MENSCHENRECHTSBERICHT TÜRKEI DEZEMBER 2013 – Demokratisches Türkeiforum (DTF)

Die folgenden Nachrichten wurden im November 2013 vom DTF in der türkischen Presse erfasst  und meist zusammenfassend übersetzt.

45 Minderjährige im Prozess wegen Gezi-Protesten in Antalya angeklagt

Radikal berichtete am 09.12.2013, dass von 170 Personen, die wegen der Gezi-Proteste in Antalya angeklagt wurden, 45 Kinder sind. Sie sollen jetzt vor dem Jugendgericht angeklagt werden.
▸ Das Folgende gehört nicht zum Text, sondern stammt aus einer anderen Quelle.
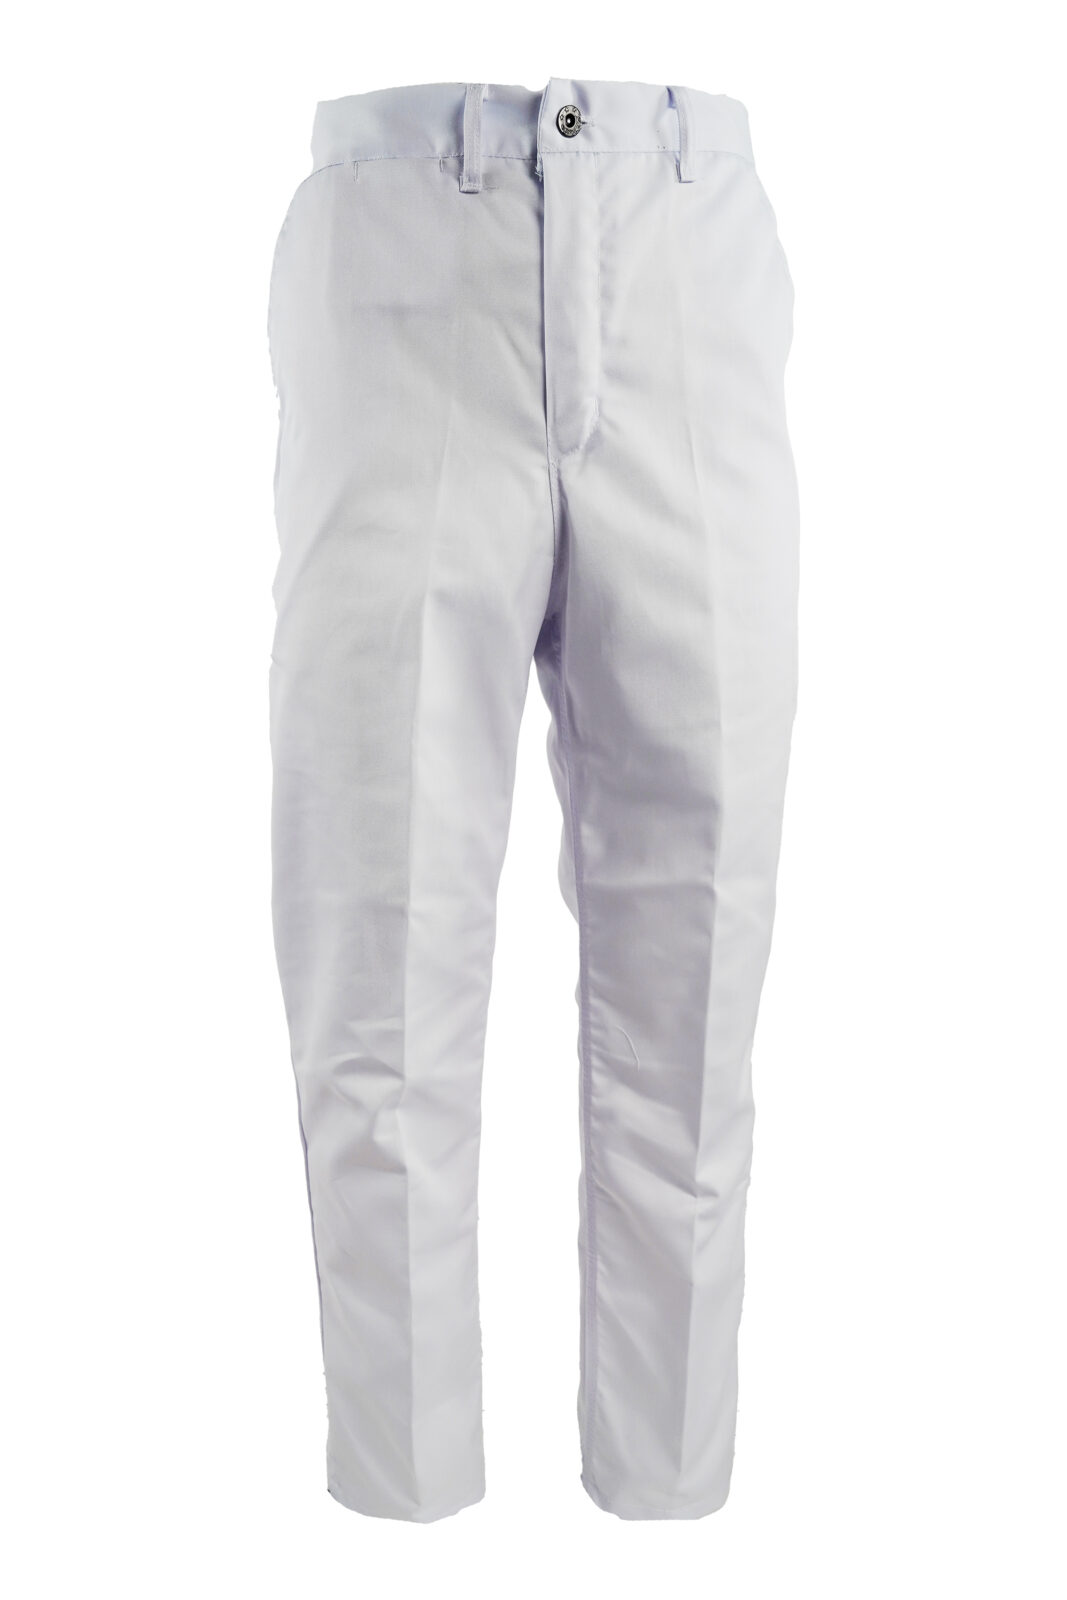 Titan Workwear White Conti Trouser - Santon Workwear

Wenn die Behörden feststellen, dass es sich bei Angeklagten um Minderjährige handelt, müssen diese zur zuständigen Jugendabteilung bei der Polizei gebracht werden und  können nur vom Staatsanwalt in Gegenwart eines Psychologen verhört werden.

 

Staatsanwalt fordert 2 Jahre Haft für 13-Jährigen

Hürriyet Daily News berichtete am 10.10.2012, dass ein Staatsanwalt in Canakkale eine 2-jährige Haftstrafe für einen 13-Jährigen u.a. wegen Zerstörung öffentlichen Eigentums forderte. Der Grundschüler B.T.I. wird beschuldigt, während der Gezi-Proteste Slogans mit Farbe auf eine Straße gesprüht  zu haben, u.a.  “Regierung tritt zurück“, „Tod dem Faschismus“ und „f…k die Polizei“.

Der Staatsanwalt fordert, dass – falls das Kind keine Haftstrafe erhält – das Kind von seiner Familie fortgenommen und in staatliche Obhut gegeben wird.

Am 3. Juni, als die Gezi-Park-Proteste sich über das ganze Land ausbreiteten, waren 2.500 Leute durch den „Freiheits-Park“ der Stadt gezogen und hatten Parolen gerufen. Die Polizei war nicht eingeschritten, verfolgte aber diejenigen, die Slogans an Wände oder auf die Straße geschrieben hatten.

Durch die Videoaufzeichnung einer installierten Kamera  der Stadt wurde B.T.I. identifiziert. B.T.I. wurde zum Staatsanwalt gerufen und in Anwesenheit eines Psychologen verhört.

Der Junge sagte, er habe Slogans auf die Straße geschrieben, die er von der Menge gehört habe.

Die Gerichtsmedizin erstellte ein Gutachten, in dem festgestellt wurde, dass das Kind nicht reif genug sei, die rechtlichen Konsequenzen der von ihm begangenen Straftat zu verstehen.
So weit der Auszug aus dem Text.